Codesign for AI and Programming
A clear case where the power of simplification is in our hands
We’ve looked at two example domains of challenges for AI: natural language, heavily tied to our evolved mental hardware; and autonomous driving, involving major pieces of manmade infrastructure. Even autonomous driving depends greatly on laws of physics that are beyond our control. Let me now consider a domain where we have extreme control over the problem context: software programming. While new software engineers face a bewildering variety of programming languages and tools, they have all been designed by people, and we can decide to redesign them. The trouble is that so much work with AI code generation is happening assuming that programming tools are frozen in place from 2022.
There is so much excitement in the air about generative AI bringing massive changes to our capabilities as a society, perhaps culminating in superintelligence that we can’t even understand. Why should we presume that a superintelligence would build software like we are used to today? Yet the AI coding agents that are deservedly spiking in popularity have a fundamental weakness: they’re trained on many examples of the software people like to write today. Coding mistakes that appear in enough places online propagate into the repertoires of AI coding tools. Staying on this trajectory can take us to some pretty absurd places.
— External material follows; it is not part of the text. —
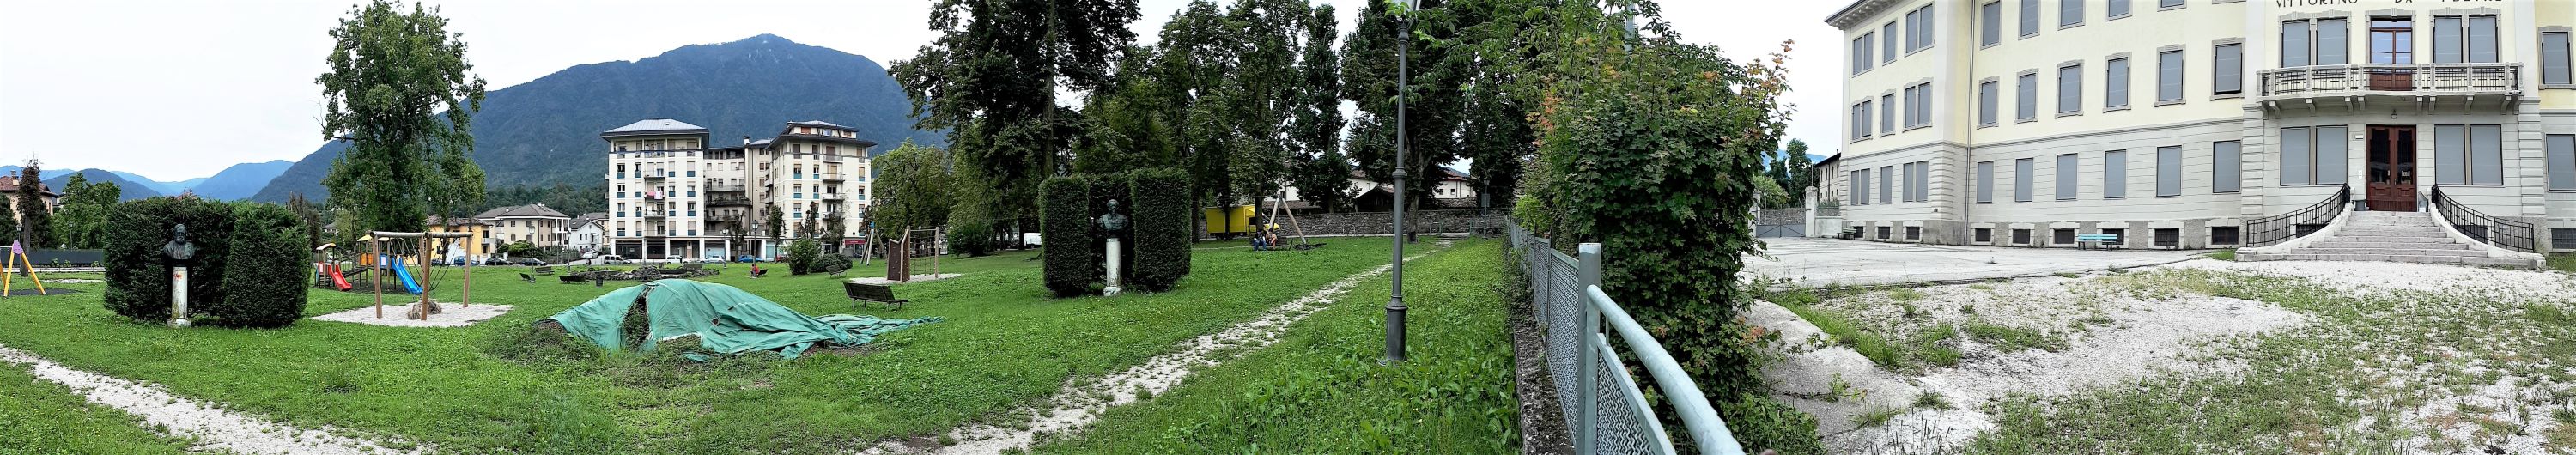 Parco della Rimembranza di Feltre (parco, commemorativo ai caduti della prima guerra mondiale) - Feltre (BL)

Apologies for somewhat of an inside joke for the programmers out there. The intrepid explorers in the cartoon have used an SQL-injection attack against the superintelligence. It’s a particularly central example of a common coding mistake that can easily be perpetuated by AI that simply learns from crawling the web. SQL injections allow users to trick systems into running arbitrary instructions, which is serious-enough that it reliably makes lists of top categories of security problems. Catastrophic security vulnerabilities aside, there is more opportunity from rethinking programming and how AI can help with it.
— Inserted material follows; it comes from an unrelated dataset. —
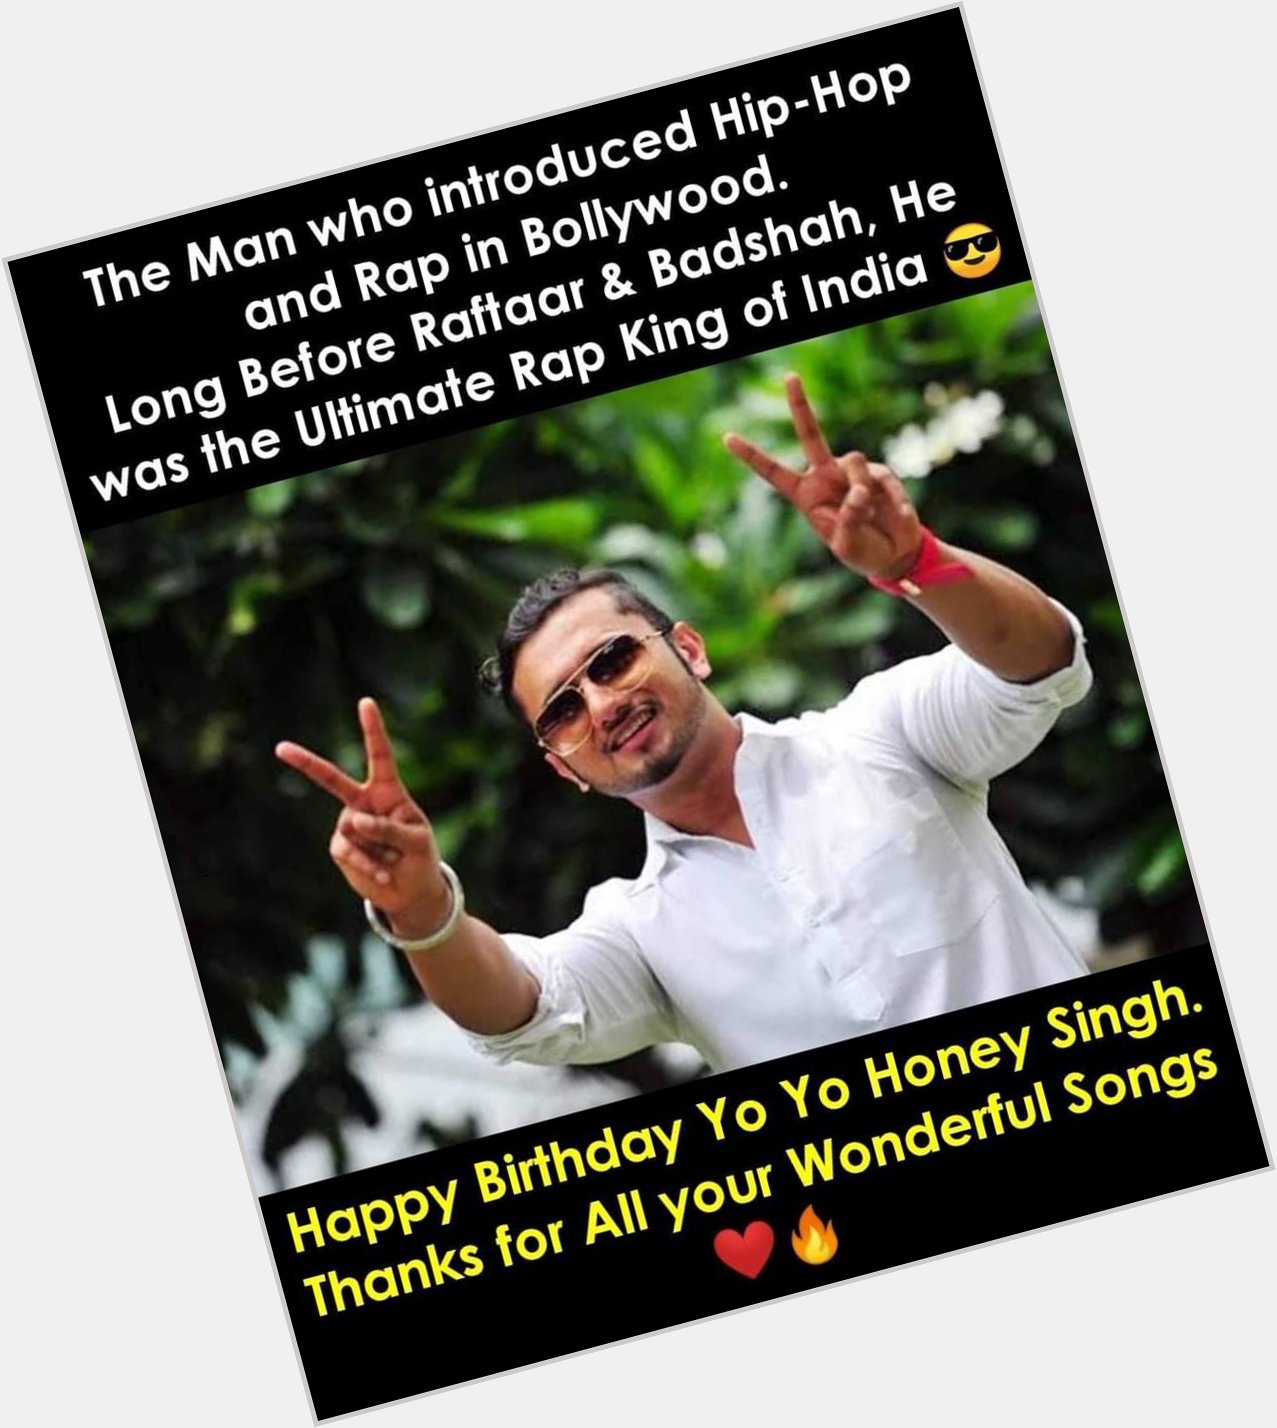  Happy Birthday Yo Yo Honey Singh

How AI Coding Tools Work (Cartoon View)
As of this writing, AI programming assistants like Claude Code are taking the software-development world by storm. They build on general LLMs trained over many examples found online. Let’s think about what that process means as a workflow to produce coding insights and apply them to particular programming problems.
Everything starts from a large set of example code files, which can be obtained by crawling the web. They are fed into an expensive training process. One summary article paints a clear picture of tens of millions of dollars and up per training of a cutting-edge model – and the example of DeepSeek is given with such a low cost of $5.6 million that some analysts are disputing its plausibility! Nonetheless, let’s assume the effort is worthwhile for all the goodies it unlocks. Perhaps by now even just the applications in programming justify the cost.
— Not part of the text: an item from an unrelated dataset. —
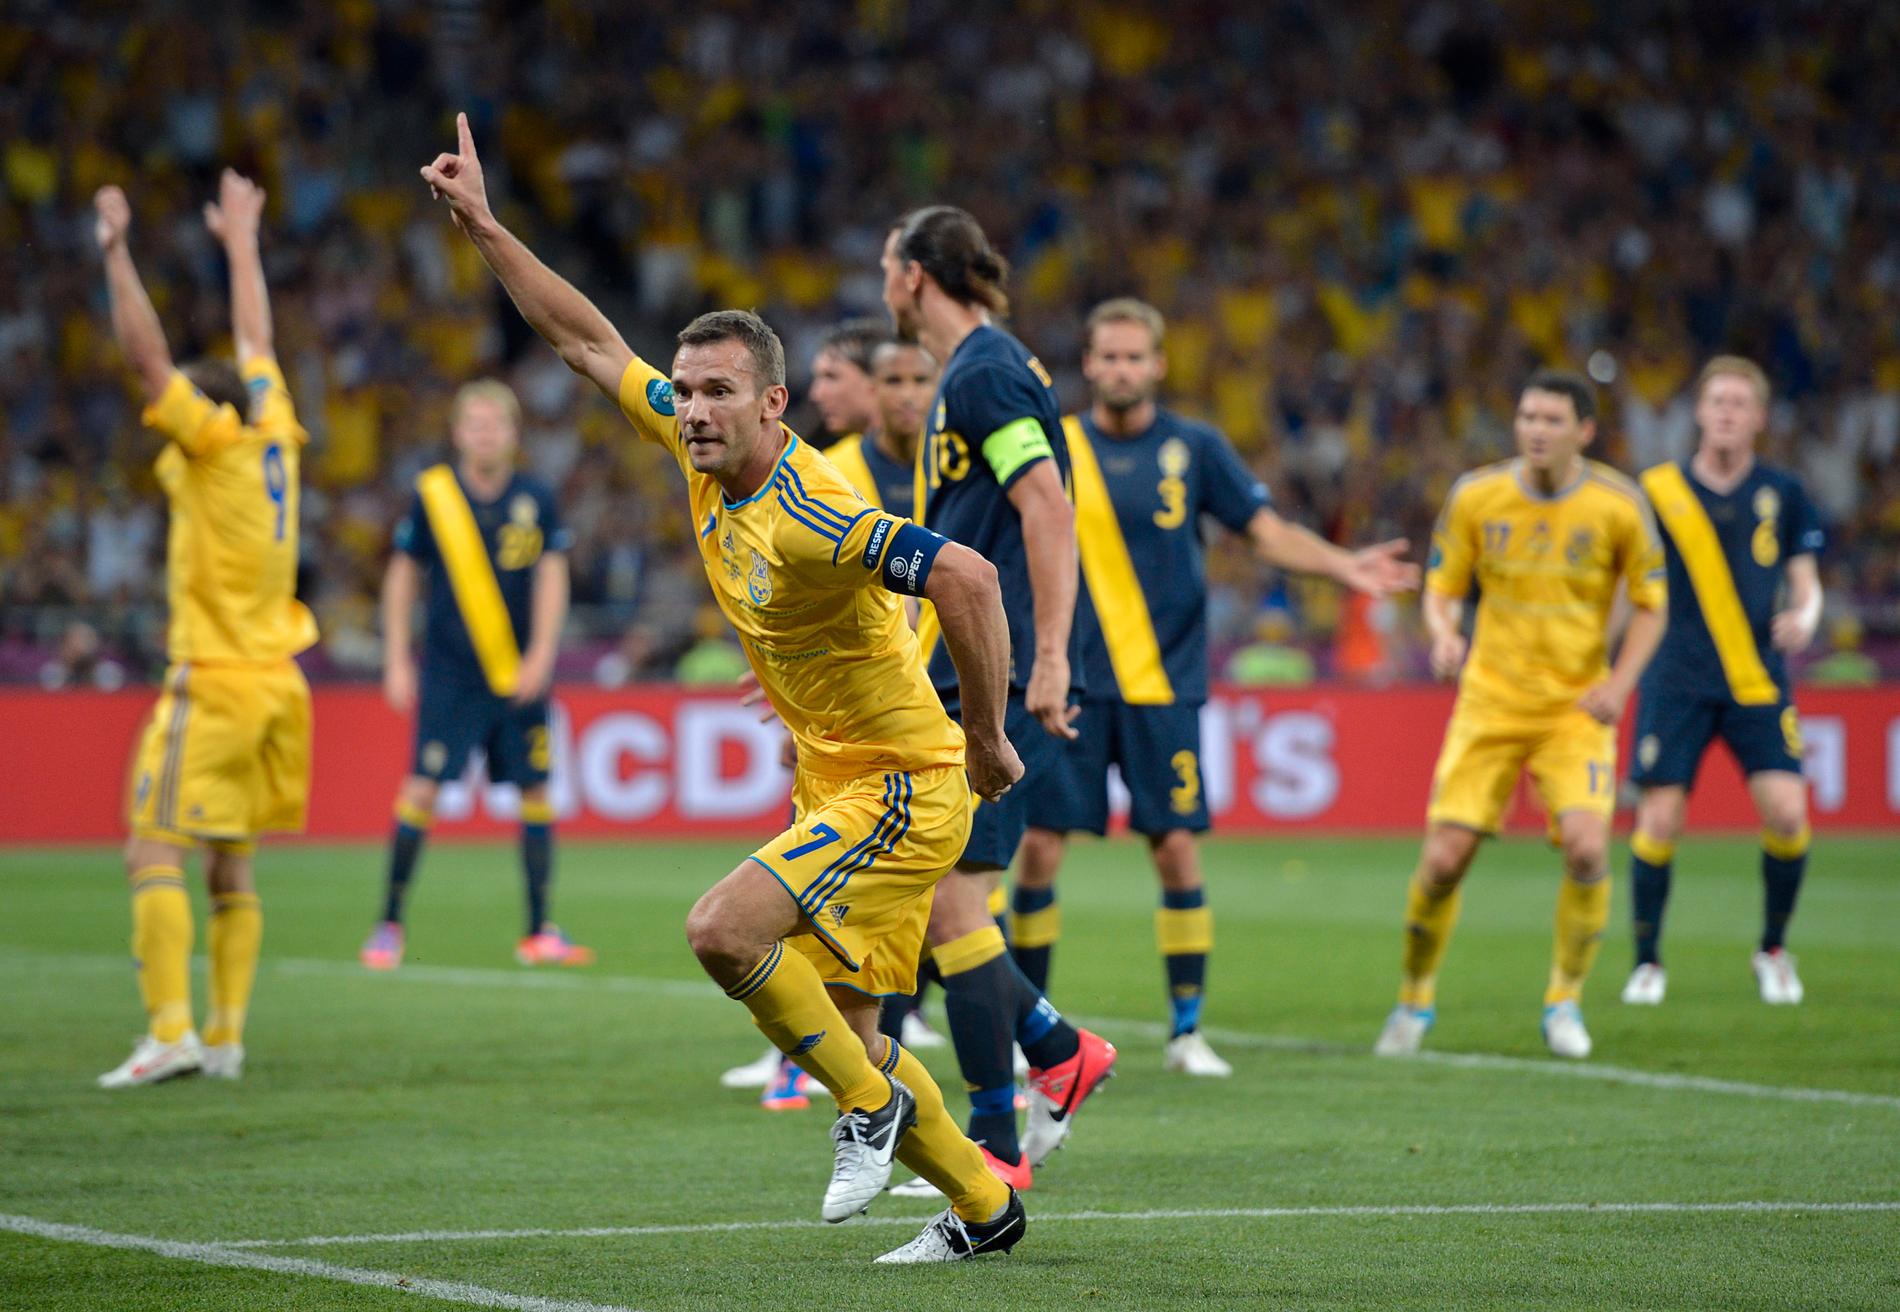 ”Matchen mot Sverige gav mig en av de vackraste och mest intensiva kvällarna i mitt liv”, säger Andrij Sjevtjenko.

It is important to keep in mind that LLMs, and deep neural networks in general, tend to be inscrutable to human observers. Research continues in interpretability, but generally we have very little understanding of why a neural network is able to complete certain tasks or how it is organized to support them. We can assume that frontier models contain within themselves some representations of many useful coding patterns, each generalized out of many examples.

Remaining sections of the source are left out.